Take away their bargaining and watch corporations swoop in and take over the educational system.
Those of you who support smaller government would applaud this measure, but I would issue a strong warning that a school cannot be run like a company.
In a company, you get rid of your worst employees, sure, so you might be thinking that will clean up the pool of teachers, leaving only the creme de
la creme.
CAVEAT: Just like a pet food company, whose customers are not really the true consumer, a charter school will still receive tax payer money,
but now with the obligation to make money with it, rather than the heretofore obligation of taking the pittance these schools receive from property
funds and distributing education as equally as possible to the many students in the given community. With a charter school, you'll be looking at
increased pay for administrators and owners, bargain basement acquisition of supplies (do they make American history text books somewhere in China
yet???) and class sizes that would make a university lecturer blush.
Then what do those kids in poorer neighborhoods do? Oh, that's right, people like you deny the link between education and crime and the fact that
it's a vicious circle...a race to the bottom in some cases.
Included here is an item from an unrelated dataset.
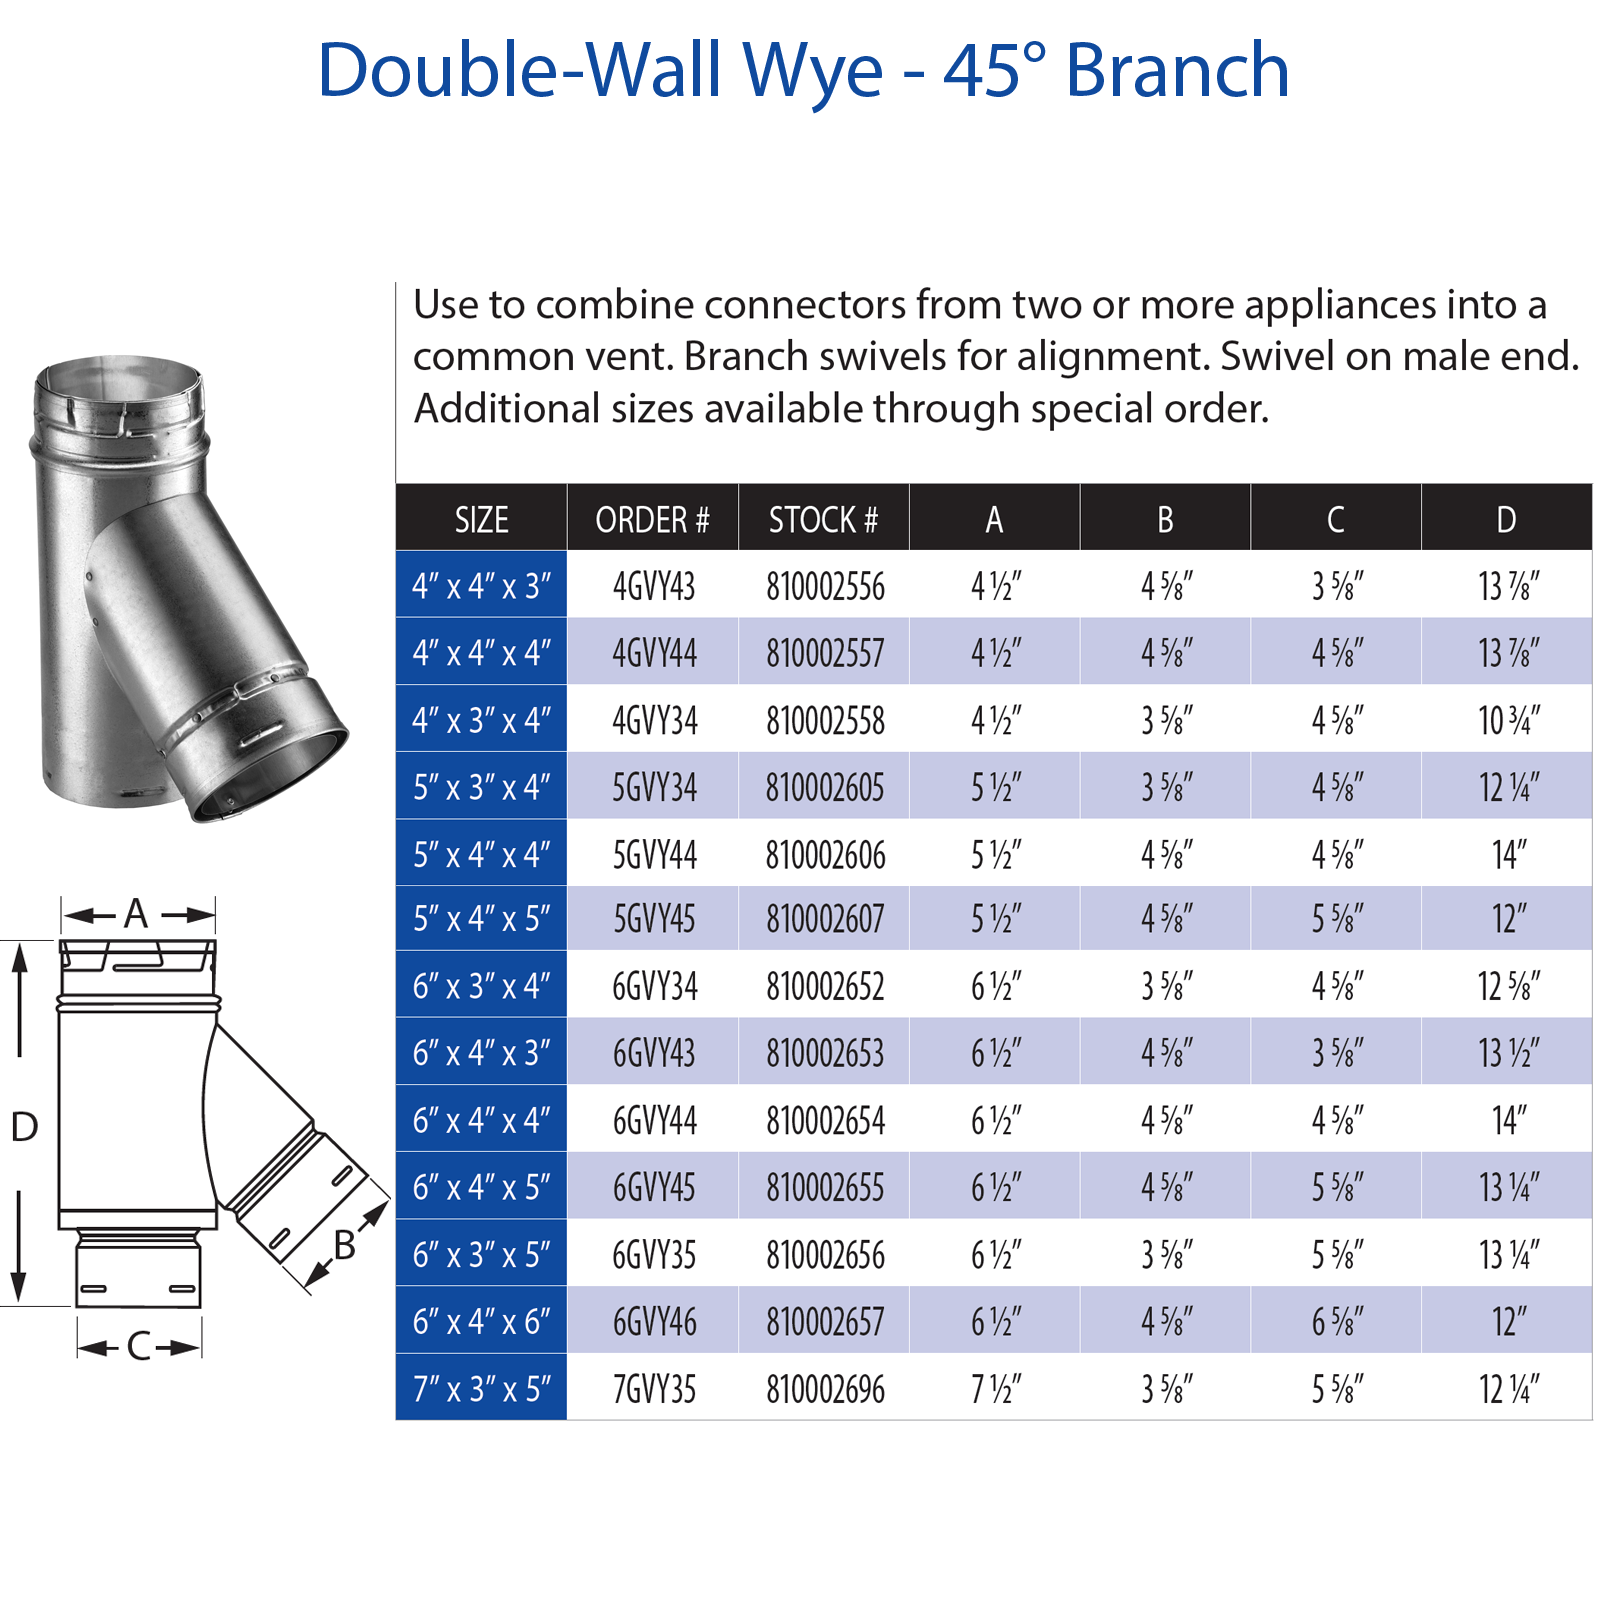 DuraVent Type B 6" x 4" x 4" Double-Wall WYE - 45 Degree Br | 6GVY44

Ghetto has tenaments, blight, poverty and crime >>> Property value is lower >>> Property taxes are lower >>> Schools are poorly equipped and
underfunded >>> Local students already in a precarious situation are ill-equipped to get out of their neighborhood >>> Ill-equipped students in
ill-equipped schools >>> Drop out rate high, learning rate low, class sizes high, bright future low >>> higher crime rate, imprisonment, more blight
>>> Even lower tax rates >>> Even poorer schools.
What fantasy world do some of you live in???